Often a resident will have been in an acute
care setting, says Candace, and they will
arrive at the home with a stage three or four
ulcer. Since PSWs and nurses are, as Candace
refers to them – “the first set
of eyes” – increasing their knowledge
about how wounds develop was the project’s
first focus.
Theresa Hurd, a wound care specialist, was
enlisted to oversee the educational programming
of ‘Healthy Living, Healthy Skin.’
Following her initial training program in
February 2004, there have been ongoing seminars
and updates, involving staff in all departments
– nutritional care, activation, as well
as directors of care (DOCs).

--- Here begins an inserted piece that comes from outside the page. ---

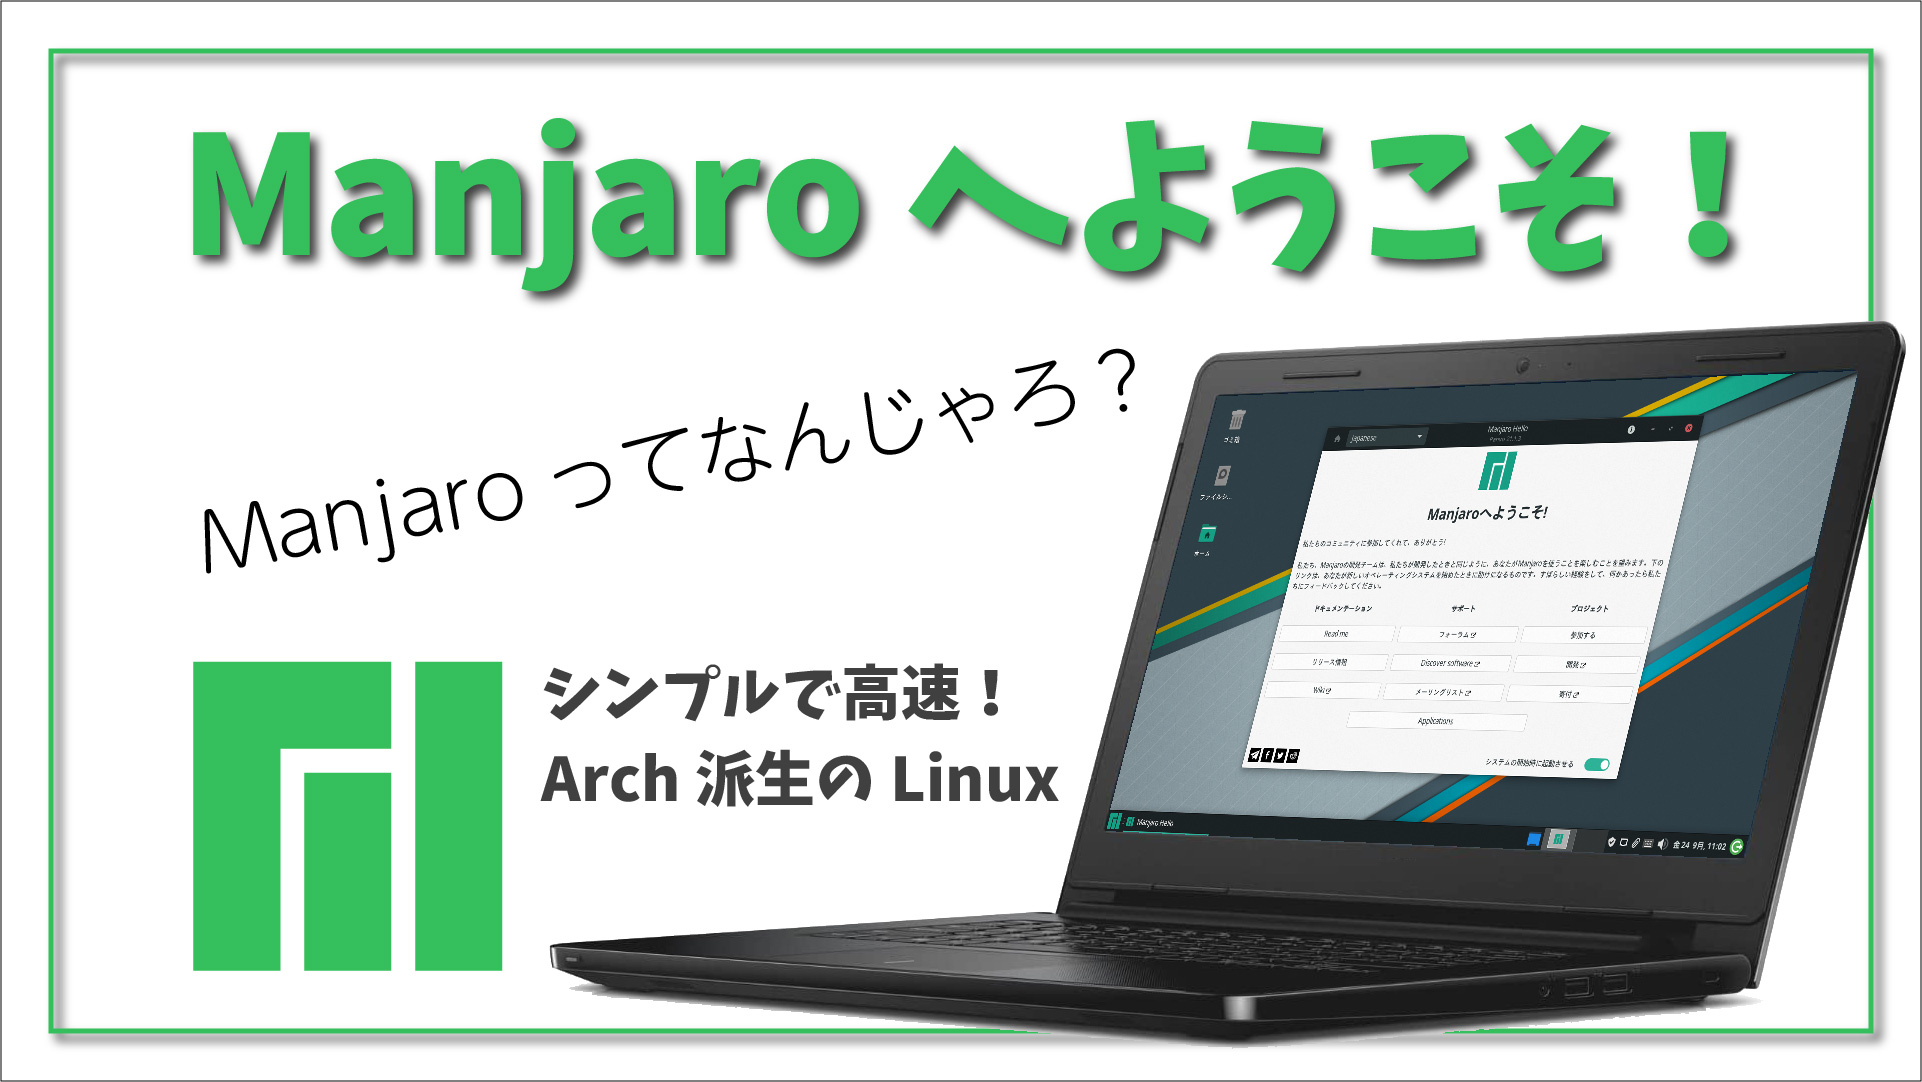 【Manjaro ってなんじゃろ？】Arch Linux 派生の初心者向け Linux ディストリビューションをざっくり紹介してみます。

Some medical
procedures – like scalpel debridement
of dead skin – have been taught in a
rather creative manner, such as practising
on pig feet.
A medical procedure of this kind is not likely
to be put into regular use yet although long-term
care facility skin care treatment is often
more advanced than that available in hospitals,
says Candace.
But wound dressings – provided by Smith
and Nephew, OMNI’s skin care product
suppliers – are more likely to be used,
especially considering the advancements made
in this area.
A stocktaking of the project at OMNI’s
annual Communities of Practice meeting –
held this year at the Ramada in Belleville
– found that across OMNI homes the project
is having a profound effect.
Maplewood, says Candace, has seen its wounds
decrease "substantially." Village
Green DOC Jackie Maxwell has acted as a skin
care advocate to the Lennox-Addington health
care facility. A resident at Rosebridge, suffering
from a leg wound so severe that a tendon was
exposed, was treated with a number of moisture-inducing
bandages and is nearing complete recovery.
“It’s pretty phenomenal,”
says Candace.
The next step for the project is the establishment
of ‘Healthy Living, Healthy Skin' care
teams in individual homes. Recent turnover
in some OMNI homes of Theresa Hurd-trained
staff has made implementation difficult, says
Candace. The care teams are comprehensive,
she says, because healthy skin has to be addressed
in as dynamic and thorough way as possible.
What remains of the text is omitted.